Лорд Дирран прыгал козликом под звонкий смех королевы и ухмылку Его Величества. Сегодняшний вечер был посвящен играм и семье. В королевской гостиной яблоку негде упасть — лорды и леди привели своих детей, внуков и племянников. Кто-то плакал, и служанки подносили младенцам слабый сонный отвар, кто-то слишком громко смеялся и бегал, с этими разбирались маги, остужая эмоции детей. Королева сидит на своем импровизированном троне, Адеррин стоит рядом с ней и отпускает шуточки, глядя как престарелые милорды, высоко задирая тощие ноги, пляшут с детьми.
Роберта периодически промокает виски душистой водой — ей невмоготу от духоты, запаха детской мочи и ядреного аромата духов.
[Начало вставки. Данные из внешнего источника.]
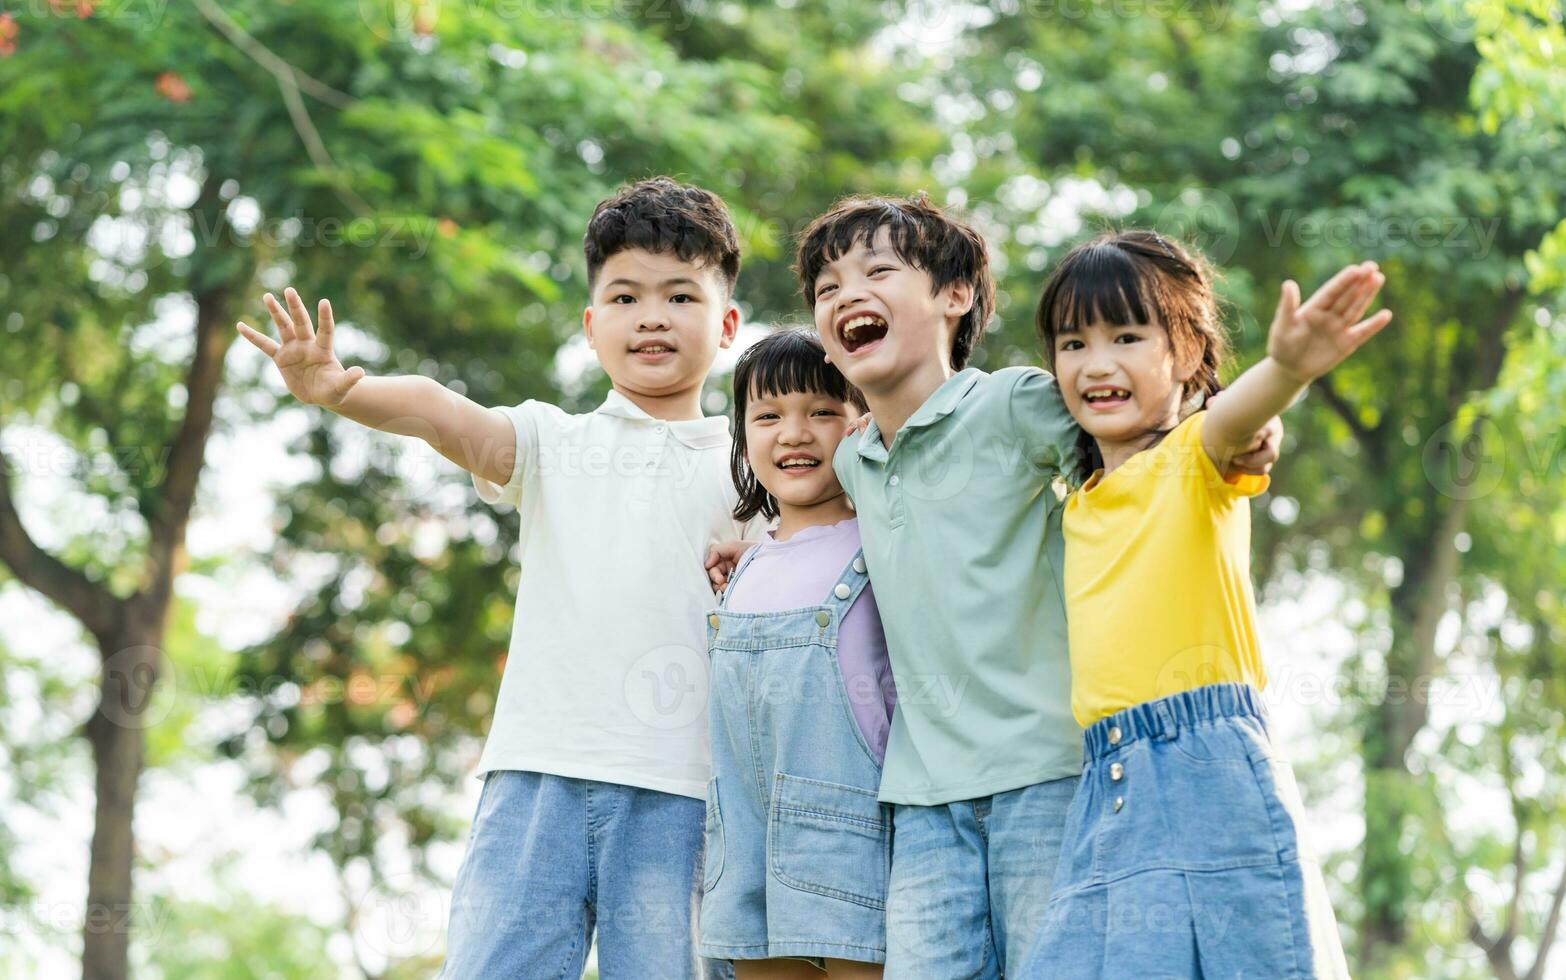 gruppo di carino asiatico bambini avendo divertimento nel il parco foto

Как назло все окна закрыты, и свежий ветерок не способен поспособствовать облегчению ситуации.
Привычные ко всему придворные угощаются выставленными на столах яствами, пьют вино и кормят своих капризничающих детей. Мне, как и Роберте, кусок в горло не лезет.
Вот лорд Дирран возглавляет детский хоровод, его куцая седая косица нелепо трясется, по лицу стекает пот. Украдкой он утирается широким платком, и вновь бросается выплясывать под одобрительным взглядом королевы.
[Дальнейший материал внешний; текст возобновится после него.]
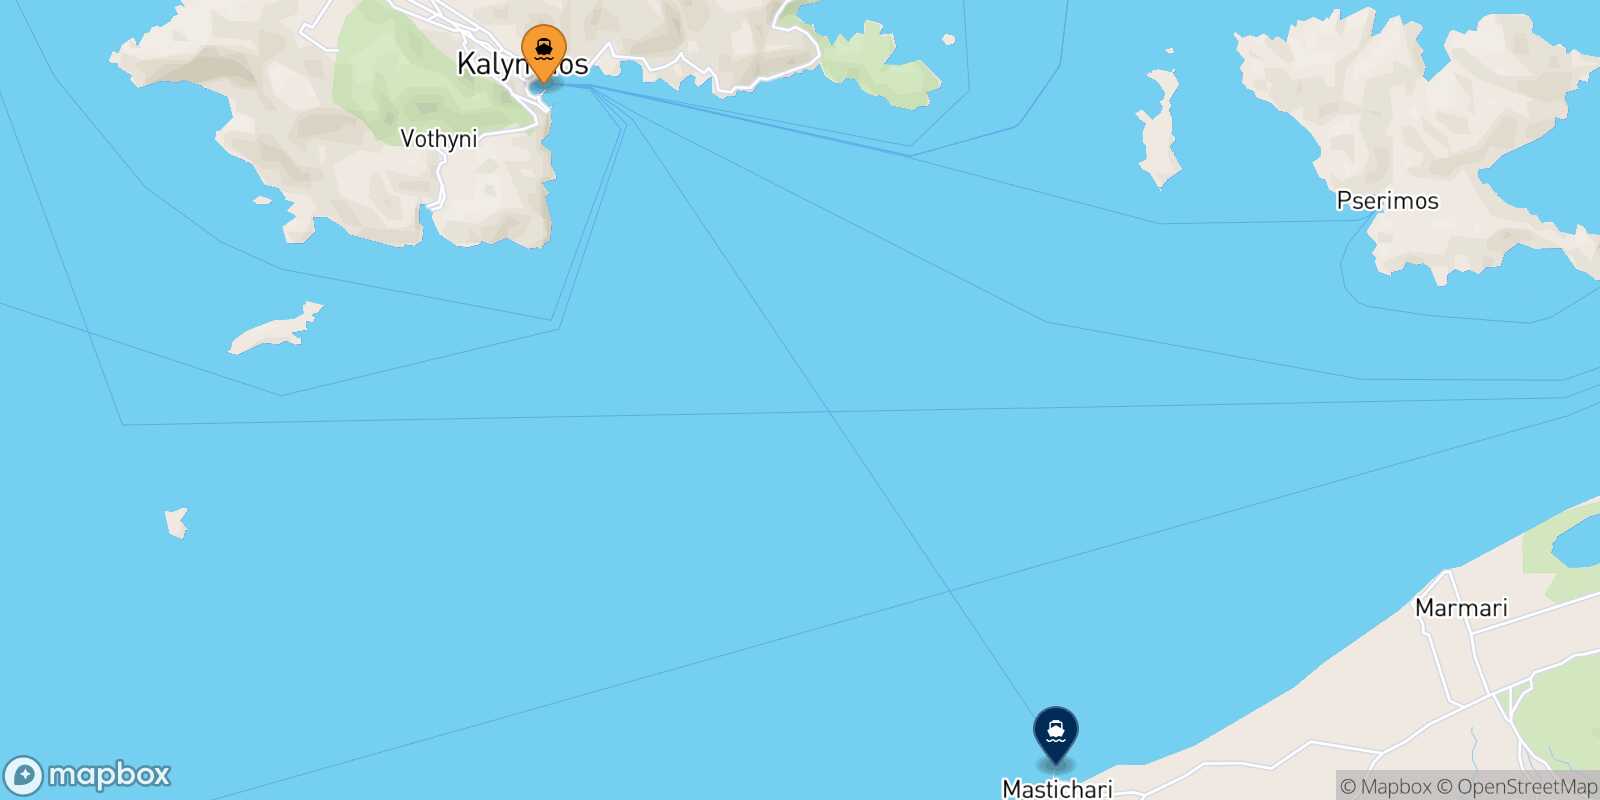 Mapa de la ruta Kalymnos Pserimos

— Не понимаю, что происходит, — отстраненно произношу я.
— Будто я понимаю, — фыркает Роберта и манит меня за собой. За портьерами скрыт уединенный альков. — Не трогай стены, они, как правило, несут на себе отпечатки чужой страсти.
На поясе Роберты внушительный мешочек, в нем трубка и кисет с табаком. Женщина закуривает, сноровисто набивая трубку. Я помню движения еще по своему отцу — быстрые, отточенные годами.
— Менестрель оказался девчонкой, — Роберта выпускает изо рта дым и довольно улыбается. — Коронер и так-то не особо умом отличался, начал заикаться. Расстегнул камзол, а там, вместо впалой мальчишеской груди задорные девичьи сиськи. Бедняжка, ей было не больше шестнадцати, девица нетронутая во всех смыслах, — миледи неприятно смеется. — Возникают вопросы, верно?
— Менестрель оказался девчонкой. Коронер начал заикаться, расстегнув камзол — вместо тощей мальчишеской груди задорные девичьи сиськи.
— И самый главный, почему королевская прихлебательница делится подобной информацией, — щурюсь, едкий табачный дым раздражает глаза.
За портьерой шорох, невнятный стоны и раздраженное:
— Неужели другого места нет?
— Любиться дома нужно, — ехидно отзывается Роберта и выбивает трубку на пол. — Грязнее не станет. Все просто, дорогая моя. Сейчас мне это выгодно, и не твое дело, что за дивиденды я с тебя получу.
— Я могу поступить так, как вам не понравится.
— Главное, чтоб ты вообще хоть что-то начала делать, а то потонешь в потоке экскрементов.
— Хорошее у вас образование, миледи.
— А то ж, — хмыкает Роберта, — чай надо было бабехе деревенской лоск придать. Да-да, слухи не врут, народилась в селе сильная ведунья, там меня муж и заприметил. Это после я уж пообтаскалась по дворцам, и весь дар себе в уши залила. Знала бы, какая роскошная жизнь меня ожидает, бежала бы без оглядки сквозь крапиву. Я ведь от него, почему, не утекла тогда? Босиком была, а впереди овраг с крапивой. Ну а после купилась на мягкую постель, вкусную еду и красивые платья. Не лупай глазами, Игрейн, я тебе не тайну открыла. Идем, пора возвращаться на праздник семьи и счастья, чтоб им всем пропасть.
Придворные жмутся к стенам — в центре зала Их Величеств развлекают артисты. Безвкусица возведенная в абсолют.
— Любима труппа короля, только они имеют право выступать в Дин-Эйрине, — негромко произносит Роберта и меня окатывает жаром. Свист рассекаемого воздуха, глухой удар, я вернулась в тот день. Солнечный день, когда король явил мне свою милость — оставил жить.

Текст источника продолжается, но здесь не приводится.